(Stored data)
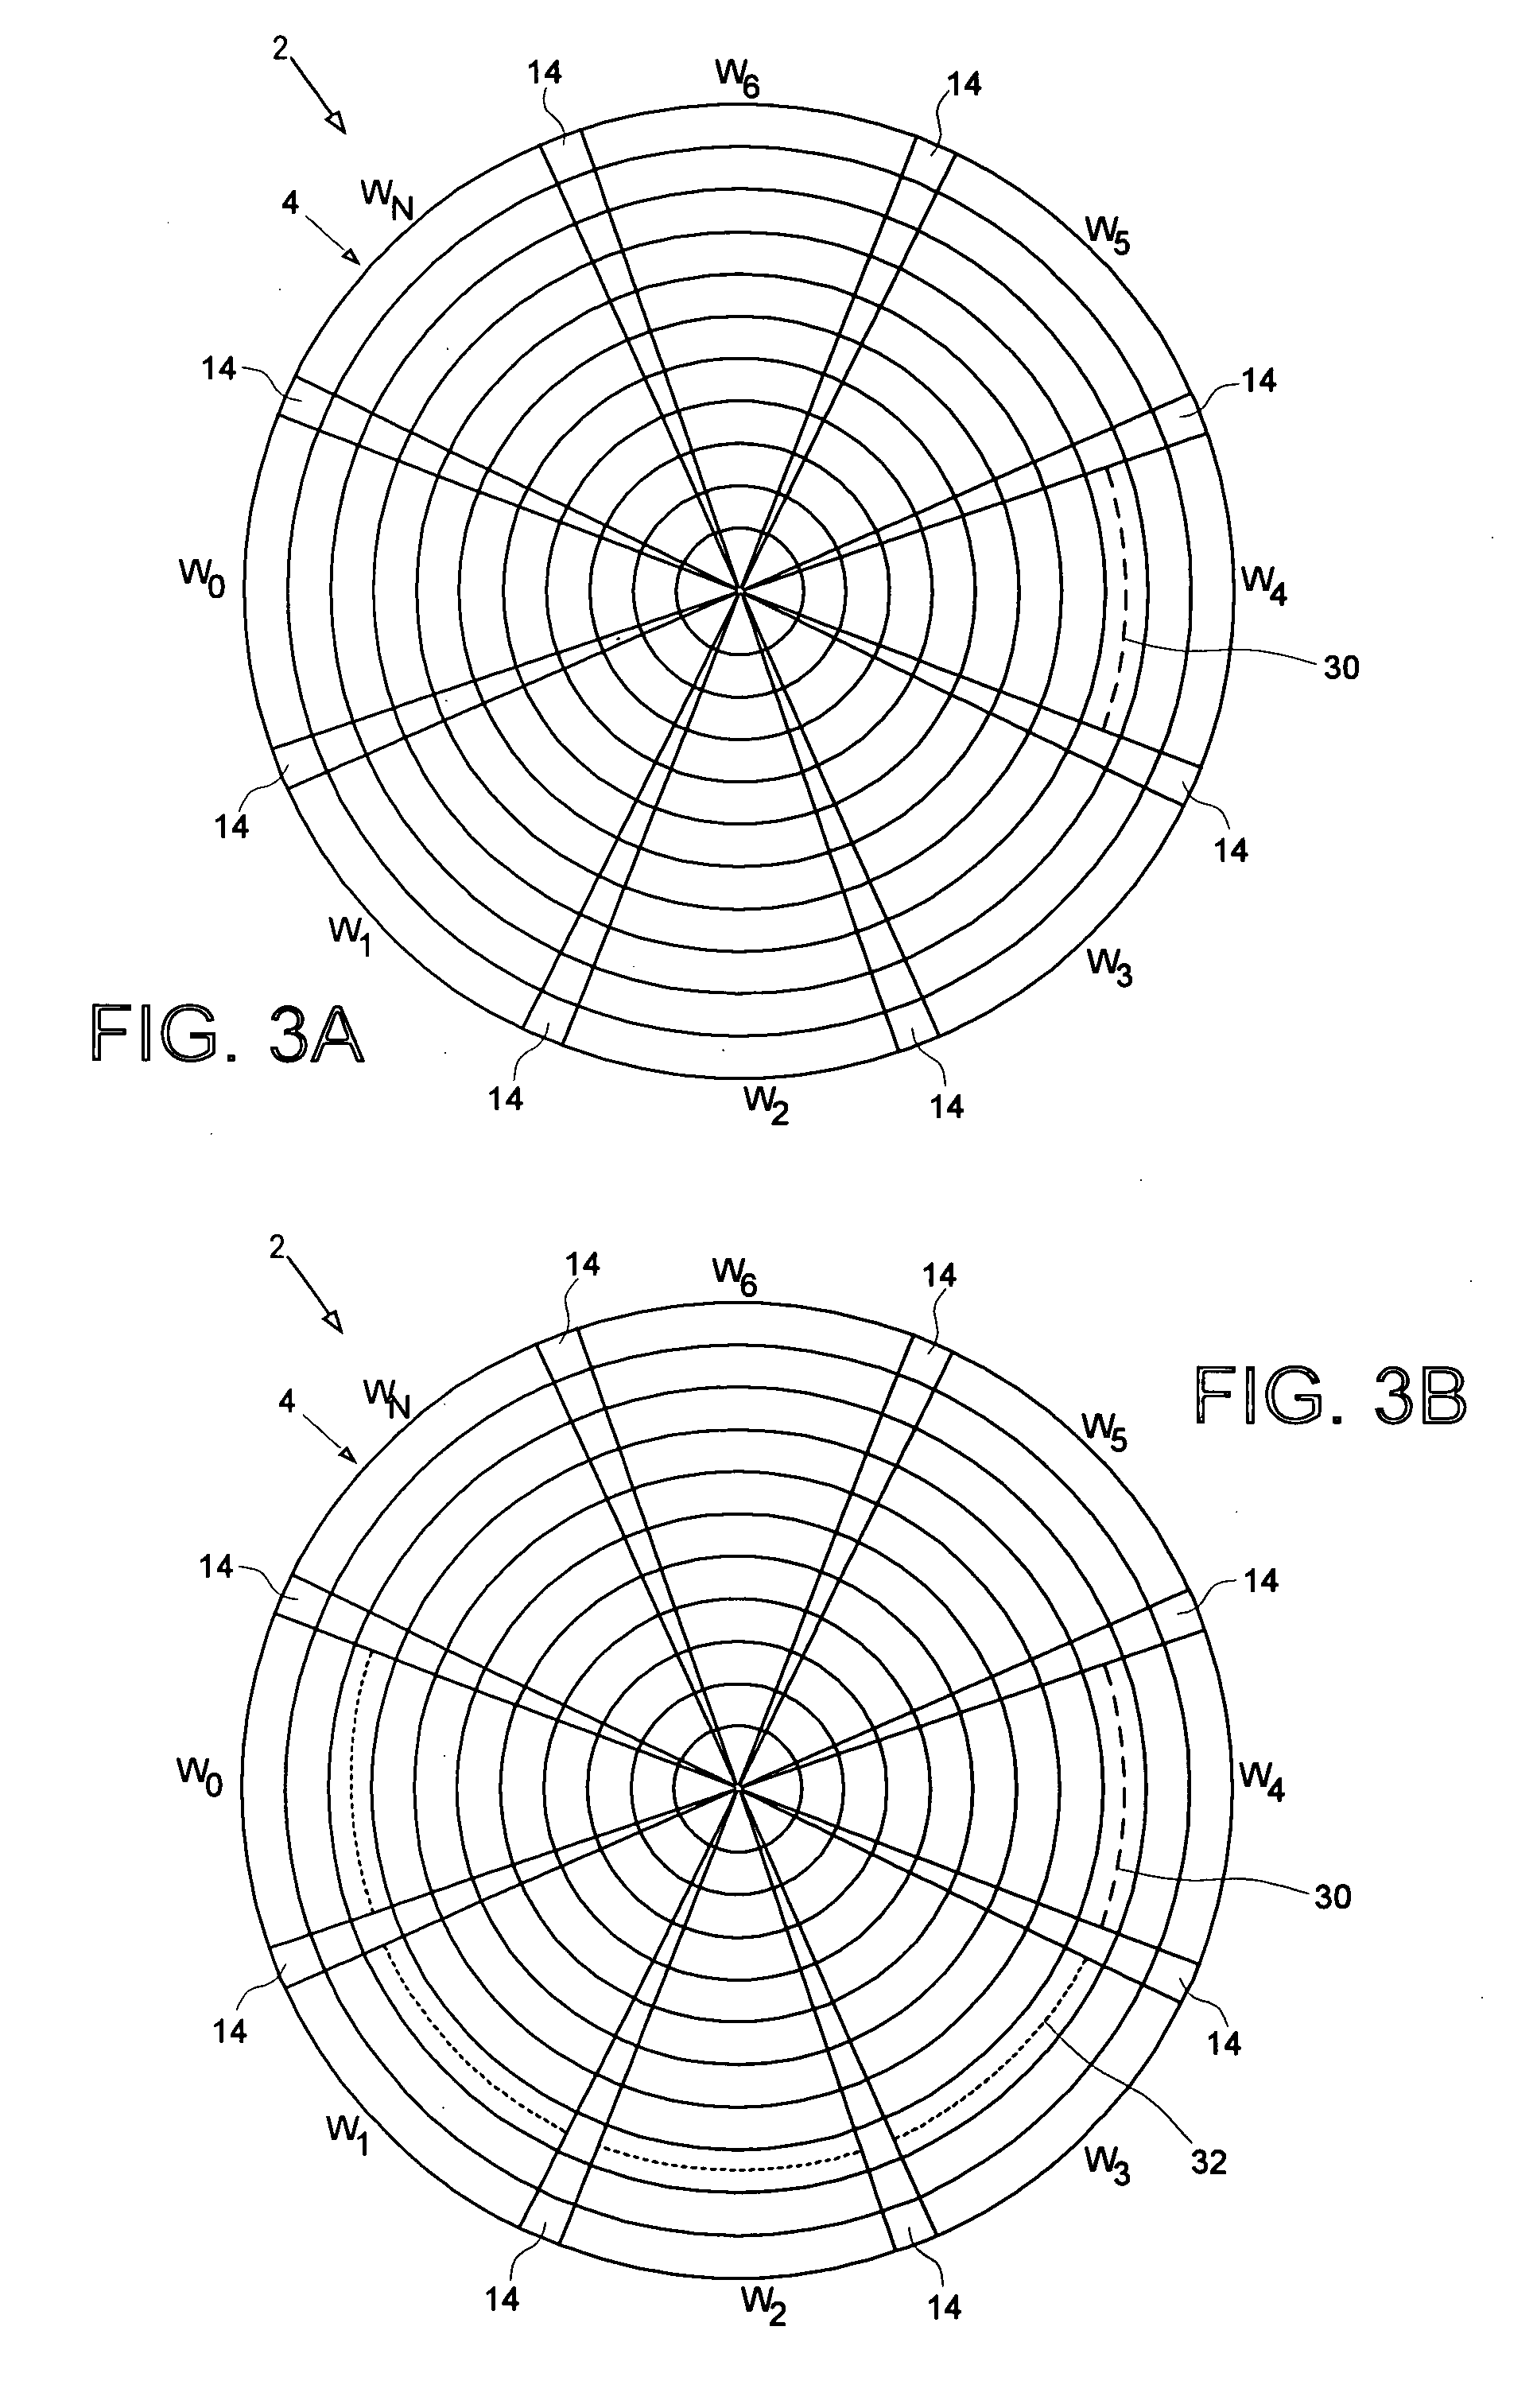 Disk drive measuring pole tip protrusion by performing a write operation to heat the transducer
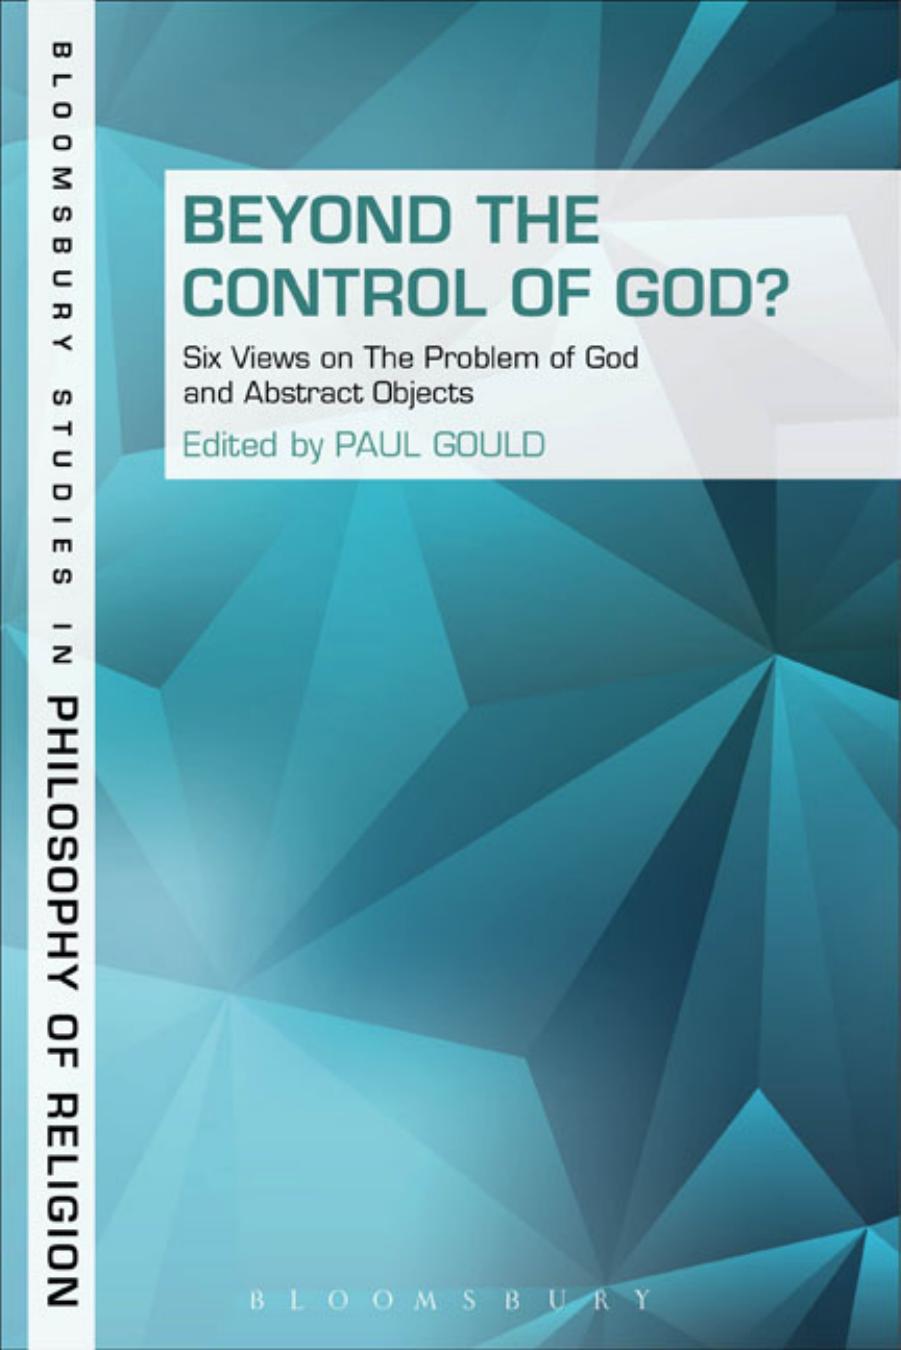 Beyond the Control of God?: Six Views on the Problem of God and Abstract Objects
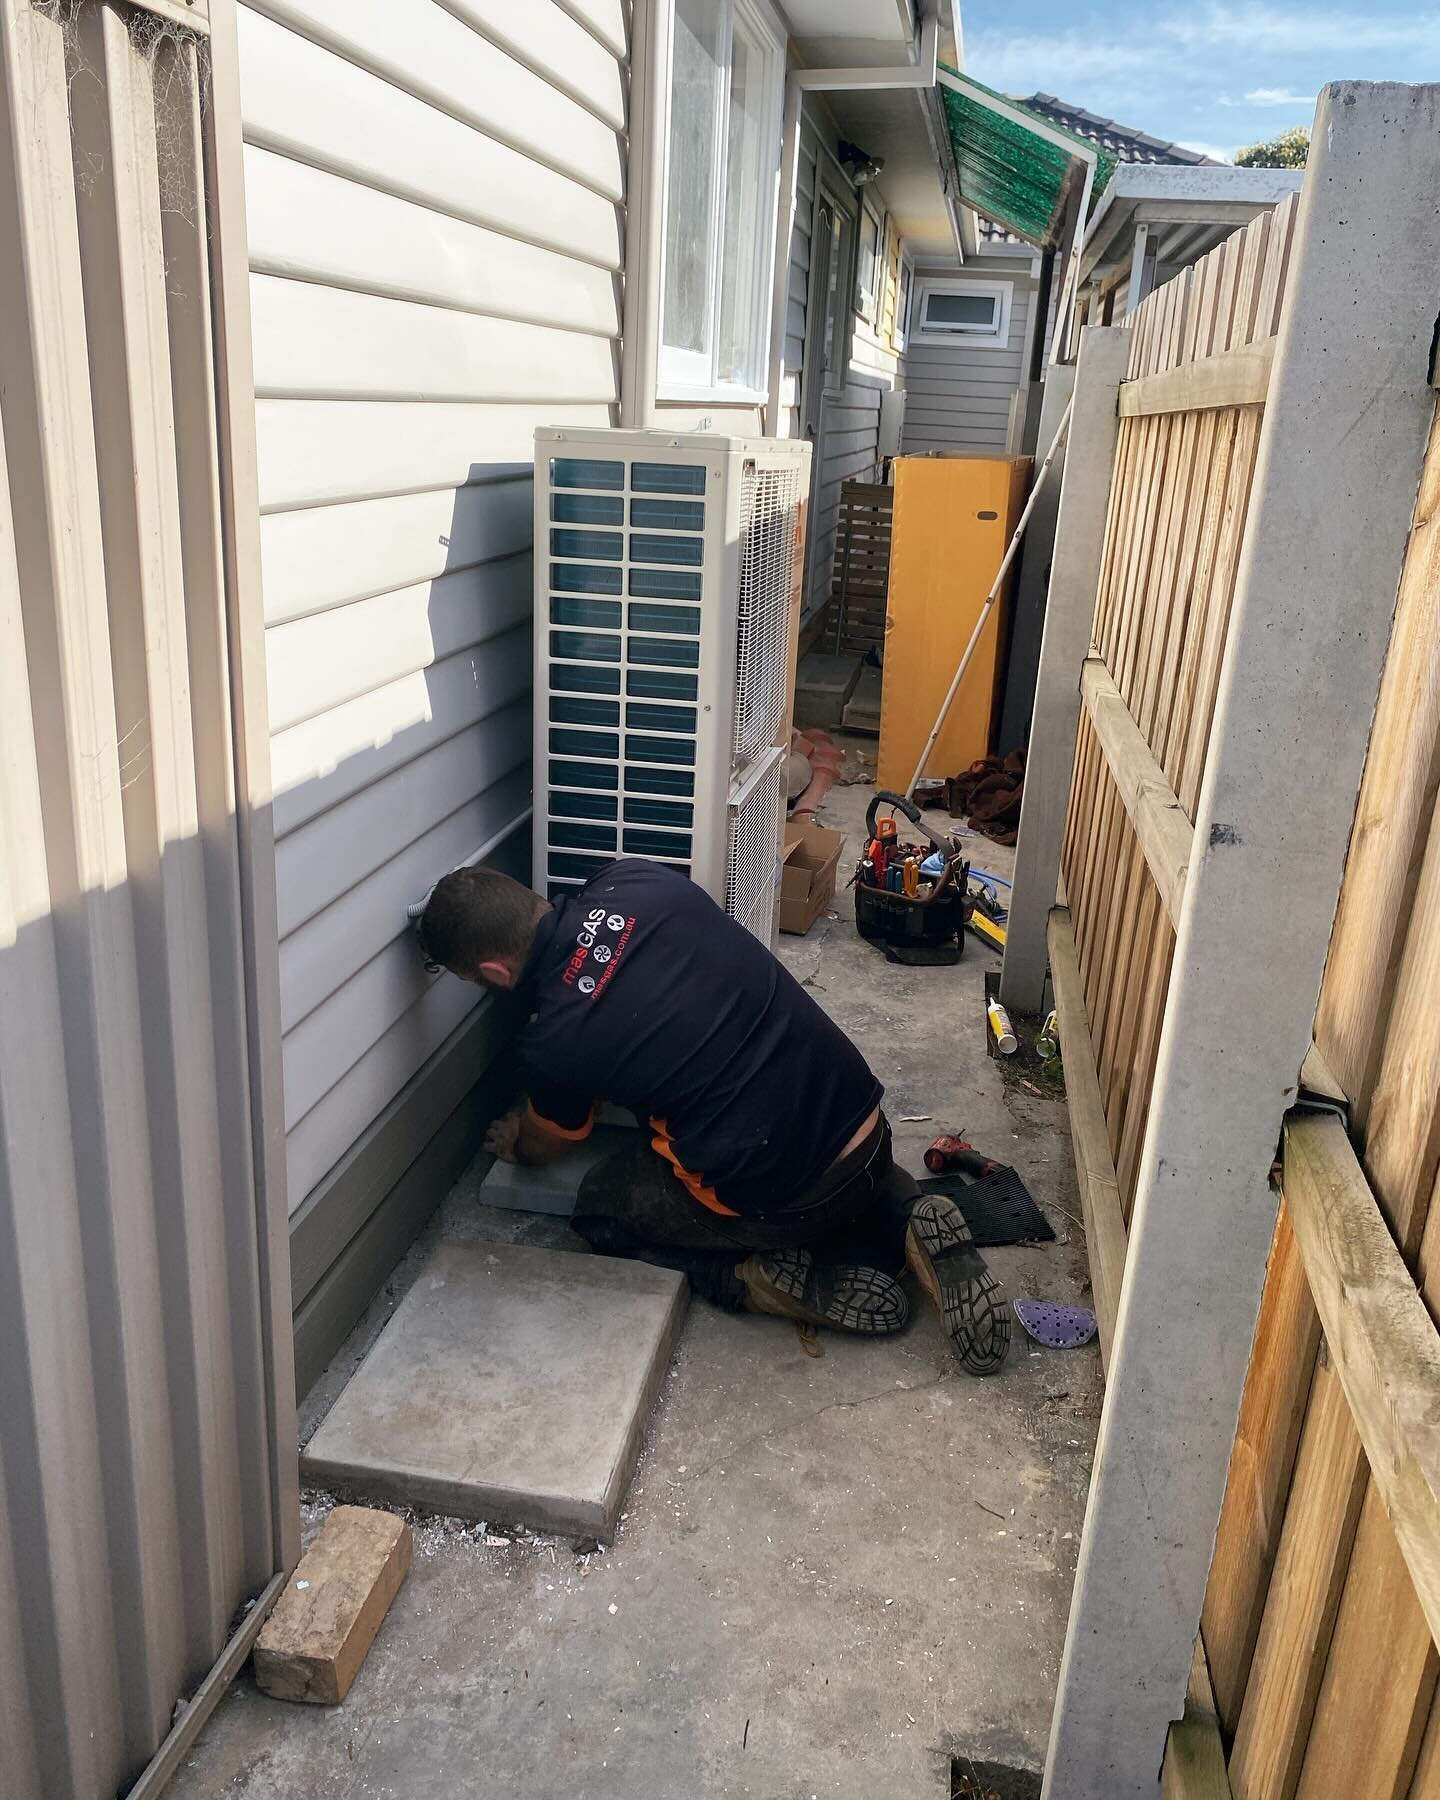 Ducted reverse cycle fit off. Ready for a hot summer! 🌞 ⁣
⁣
⁣
#reversecycle #summerready #melbourne

■ EXERCISE BRIEF: Each record above needs to be retyped exactly, without any pictures.

■ RESPONSE:
 Disk drive measuring pole tip protrusion by performing a write operation to heat the transducer
 Beyond the Control of God?: Six Views on the Problem of God and Abstract Objects
 Ducted reverse cycle fit off. Ready for a hot summer! 🌞 ⁣
⁣
⁣
#reversecycle #summerready #melbourne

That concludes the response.